:: DATA RECORDS ::
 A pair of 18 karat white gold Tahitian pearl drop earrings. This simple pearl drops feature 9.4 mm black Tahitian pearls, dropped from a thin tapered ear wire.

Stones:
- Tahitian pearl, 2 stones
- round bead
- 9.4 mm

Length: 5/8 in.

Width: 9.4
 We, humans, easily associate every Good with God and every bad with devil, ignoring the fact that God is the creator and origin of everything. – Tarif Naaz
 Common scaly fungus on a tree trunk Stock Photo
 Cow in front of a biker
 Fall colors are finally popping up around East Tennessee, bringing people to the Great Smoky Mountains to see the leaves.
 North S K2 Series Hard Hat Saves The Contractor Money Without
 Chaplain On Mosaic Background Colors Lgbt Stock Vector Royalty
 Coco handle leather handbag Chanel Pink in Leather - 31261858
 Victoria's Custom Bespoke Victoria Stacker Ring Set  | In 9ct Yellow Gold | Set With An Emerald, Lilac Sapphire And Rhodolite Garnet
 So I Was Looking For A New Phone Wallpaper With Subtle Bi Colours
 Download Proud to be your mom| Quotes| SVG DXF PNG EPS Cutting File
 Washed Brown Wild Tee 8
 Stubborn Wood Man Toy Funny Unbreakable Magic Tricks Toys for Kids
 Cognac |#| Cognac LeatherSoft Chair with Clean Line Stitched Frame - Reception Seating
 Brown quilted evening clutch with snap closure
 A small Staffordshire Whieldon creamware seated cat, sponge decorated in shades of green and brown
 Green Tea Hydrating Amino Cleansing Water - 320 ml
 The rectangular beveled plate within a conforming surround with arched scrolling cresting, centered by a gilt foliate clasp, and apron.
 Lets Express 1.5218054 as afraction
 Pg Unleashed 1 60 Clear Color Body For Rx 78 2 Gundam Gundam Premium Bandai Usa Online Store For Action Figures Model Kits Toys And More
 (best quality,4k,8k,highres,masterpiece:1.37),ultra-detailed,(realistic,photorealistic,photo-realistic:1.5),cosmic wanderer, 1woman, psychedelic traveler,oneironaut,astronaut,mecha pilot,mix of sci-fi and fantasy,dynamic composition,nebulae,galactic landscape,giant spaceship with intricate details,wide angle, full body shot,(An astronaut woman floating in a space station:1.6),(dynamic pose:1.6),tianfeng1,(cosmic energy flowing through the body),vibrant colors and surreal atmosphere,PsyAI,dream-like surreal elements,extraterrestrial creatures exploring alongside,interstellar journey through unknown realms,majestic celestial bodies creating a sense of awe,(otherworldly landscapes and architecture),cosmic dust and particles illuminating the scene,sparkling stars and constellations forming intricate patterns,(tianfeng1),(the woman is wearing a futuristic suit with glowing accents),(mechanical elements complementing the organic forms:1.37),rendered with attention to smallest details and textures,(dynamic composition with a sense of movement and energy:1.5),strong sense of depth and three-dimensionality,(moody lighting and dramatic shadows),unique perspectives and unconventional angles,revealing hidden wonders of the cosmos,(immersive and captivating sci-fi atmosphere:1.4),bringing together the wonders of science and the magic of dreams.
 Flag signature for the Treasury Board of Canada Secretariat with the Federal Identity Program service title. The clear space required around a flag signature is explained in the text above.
:::
> [TASK STATEMENT]
The required answer is the run of lines above, starting at the line with "Cognac |#| Cognac" and ending at the line with "magic of dreams.", reproduced exactly with both ends.

> [OUTPUT OF THE TASK]
 Cognac |#| Cognac LeatherSoft Chair with Clean Line Stitched Frame - Reception Seating
 Brown quilted evening clutch with snap closure
 A small Staffordshire Whieldon creamware seated cat, sponge decorated in shades of green and brown
 Green Tea Hydrating Amino Cleansing Water - 320 ml
 The rectangular beveled plate within a conforming surround with arched scrolling cresting, centered by a gilt foliate clasp, and apron.
 Lets Express 1.5218054 as afraction
 Pg Unleashed 1 60 Clear Color Body For Rx 78 2 Gundam Gundam Premium Bandai Usa Online Store For Action Figures Model Kits Toys And More
 (best quality,4k,8k,highres,masterpiece:1.37),ultra-detailed,(realistic,photorealistic,photo-realistic:1.5),cosmic wanderer, 1woman, psychedelic traveler,oneironaut,astronaut,mecha pilot,mix of sci-fi and fantasy,dynamic composition,nebulae,galactic landscape,giant spaceship with intricate details,wide angle, full body shot,(An astronaut woman floating in a space station:1.6),(dynamic pose:1.6),tianfeng1,(cosmic energy flowing through the body),vibrant colors and surreal atmosphere,PsyAI,dream-like surreal elements,extraterrestrial creatures exploring alongside,interstellar journey through unknown realms,majestic celestial bodies creating a sense of awe,(otherworldly landscapes and architecture),cosmic dust and particles illuminating the scene,sparkling stars and constellations forming intricate patterns,(tianfeng1),(the woman is wearing a futuristic suit with glowing accents),(mechanical elements complementing the organic forms:1.37),rendered with attention to smallest details and textures,(dynamic composition with a sense of movement and energy:1.5),strong sense of depth and three-dimensionality,(moody lighting and dramatic shadows),unique perspectives and unconventional angles,revealing hidden wonders of the cosmos,(immersive and captivating sci-fi atmosphere:1.4),bringing together the wonders of science and the magic of dreams.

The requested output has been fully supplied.